Pate – sorry, I meant pâté – seems like such a fancy word to some people .
Well the real deal, Pâté de Foie Gras, is a pretty big deal; its stuffed with goose live, truffles and pork fat and is expensive and delicious.
But there are other, interesting options.
In fact we encounter pâté's not so fancy cousins almost every time we go shopping: liverwurst is a good example, but all of those little spreadables made from chicken and ham are related.
Are they, or will they ever be, as good as Pâté de Foie Gras?
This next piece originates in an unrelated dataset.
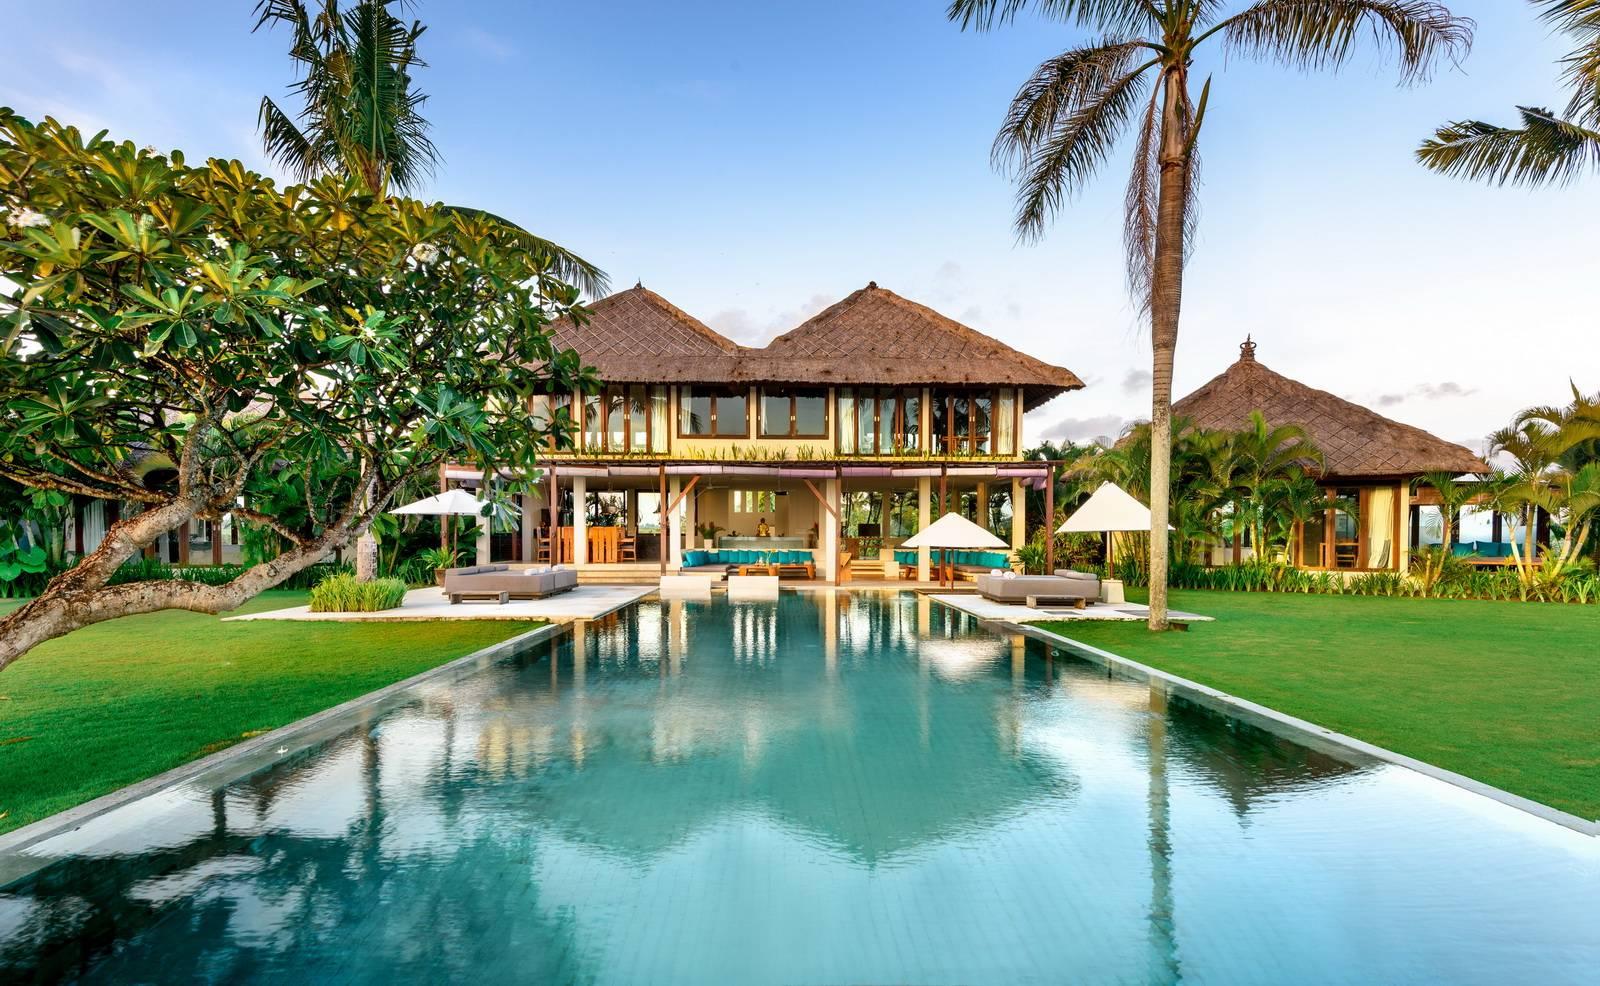 12 Bedroom Luxury Beachfront Pool Villa Canggu Bali

No way.
One of my favorites in this categories shrimp pâté, you could call it a dip, if you like, is so simple to make and will be a hit at your next gathering
Give this a try and let me know how it was.
1 pound large shrimp
1/2 cup best quality mayonnaise
1 cup cream cheese
1/4 cup or less finely diced onion
Tony Chachere's Creole seasoning
1 pinch cayenne
Peel the shrimp, season with Tony's and sauté quickly in hot butter. Remove, drain and allow to cool. Combine the mayonnaise, cream cheese and onion. Put the shrimp in the blender and pulse a few times. Add the mayonnaise mixture a little at a time, pulse and continue until you have the consistency you like. You do not have to use it all. Remember to season as you go. Refrigerate before serving. If you are going to use it as a dip, make it a little looser.